Existential Detectives and Bad Religion

I ♥ Huckabees,” the new movie from David O. Russell, features Lily Tomlin and Dustin Hoffman as “Jaffe & Jaffe, Existential Investigators.” (I’m always pleased to see my family name in lights.) Not a deeply philosophical movie, but entertaining and intelligent enough. Smarter than, say, this commentary from last weekend’s Guardian by Mike Purton, “Physics and metaphysics”:

A series of scientific experiments in the early 1980s changed forever our understanding of the nature of matter. It is likely that it will also prove to have been the greatest religious discovery of the 20th century.

Physicists call it entanglement, and it describes the state of two or more particles once they have interacted with one another. From then on, irrespective of time and space, a correlation will always exist between them. What happens to one will affect the other – even if they are now at opposite ends of the universe….

We are then reminded that it is this same matter which is both the physical manifestation of spirit and the means to redemptive action. This being so, then the correlation of all matter must also apply to all spirit. Our separateness is an illusion; the reality is an indivisible unity….

With new insights through a religion no longer dependent on blind trust, but grounded instead in knowledge, we are offered a higher purpose. Rather than seeing ourselves as separate individuals, we realise that we are aspects of a beautiful and indivisible whole.

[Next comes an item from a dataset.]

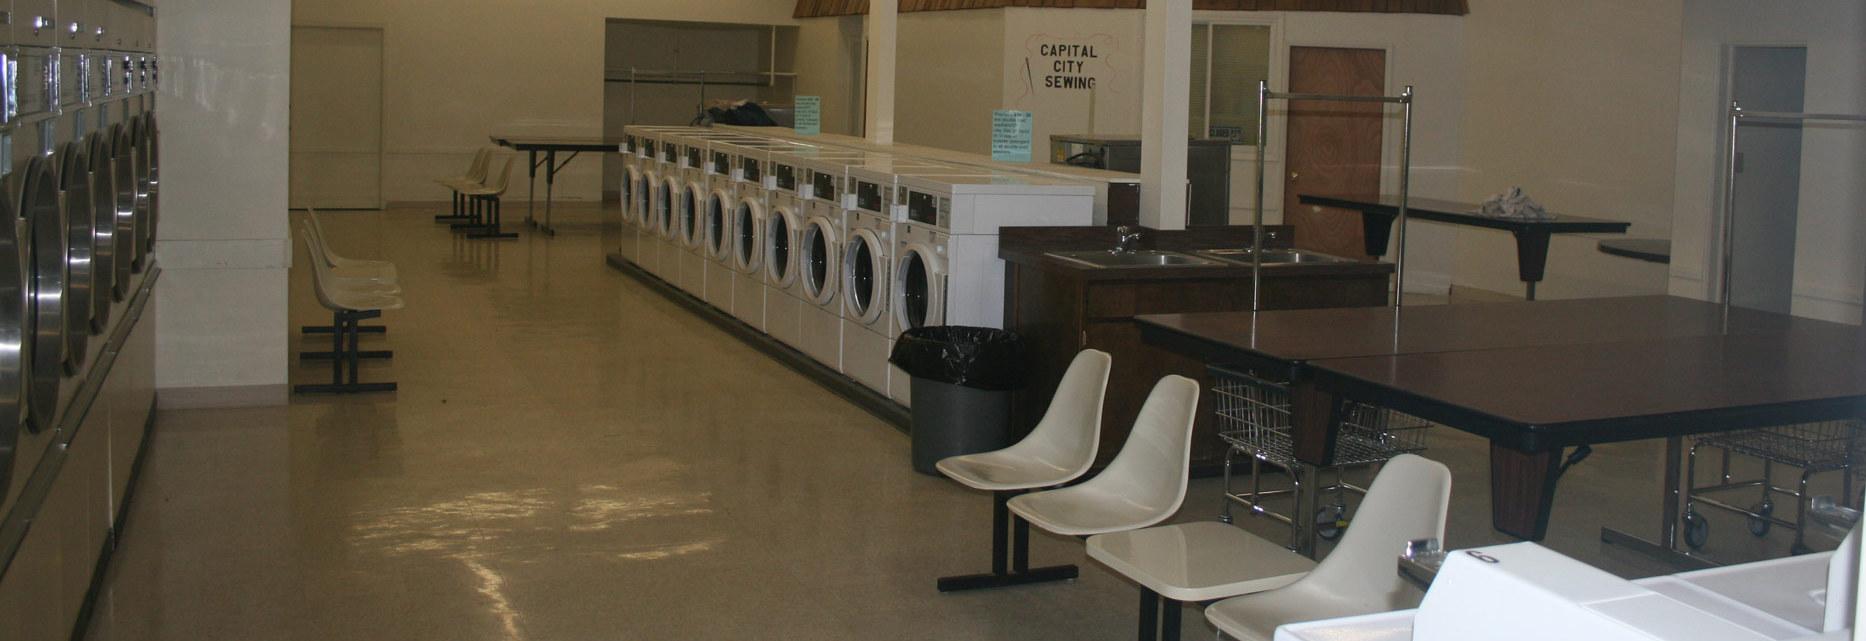 Fantastic laundromat center in Lincoln, NE

This seems to me a fine sentiment, and could perhaps even lead us into moral action. But it’s got nothing to do with physics, and certainly doesn’t offer “a religion… grounded… in knowledge”. We can choose to use ideas from science as metaphors for the conduct of human life, as was done with Newton’s clockwork universe, with Einstein’s relativity, with Darwin’s natural selection (to sometimes horrible effect), and with Heisenberg’s uncertainty principle. But really, the uncertainty principle in quantum mechanics doesn’t mean that you can’t observe something without changing it, not in the macroscopic world of human-sized objects. Similarly, entanglement, a related idea from quantum theory, doesn’t have anything to say about spirit, about humanity, about the kinds of connections that we have with our fellow-beings. Those are up to us to forge, to recognize, and to ignore at our peril.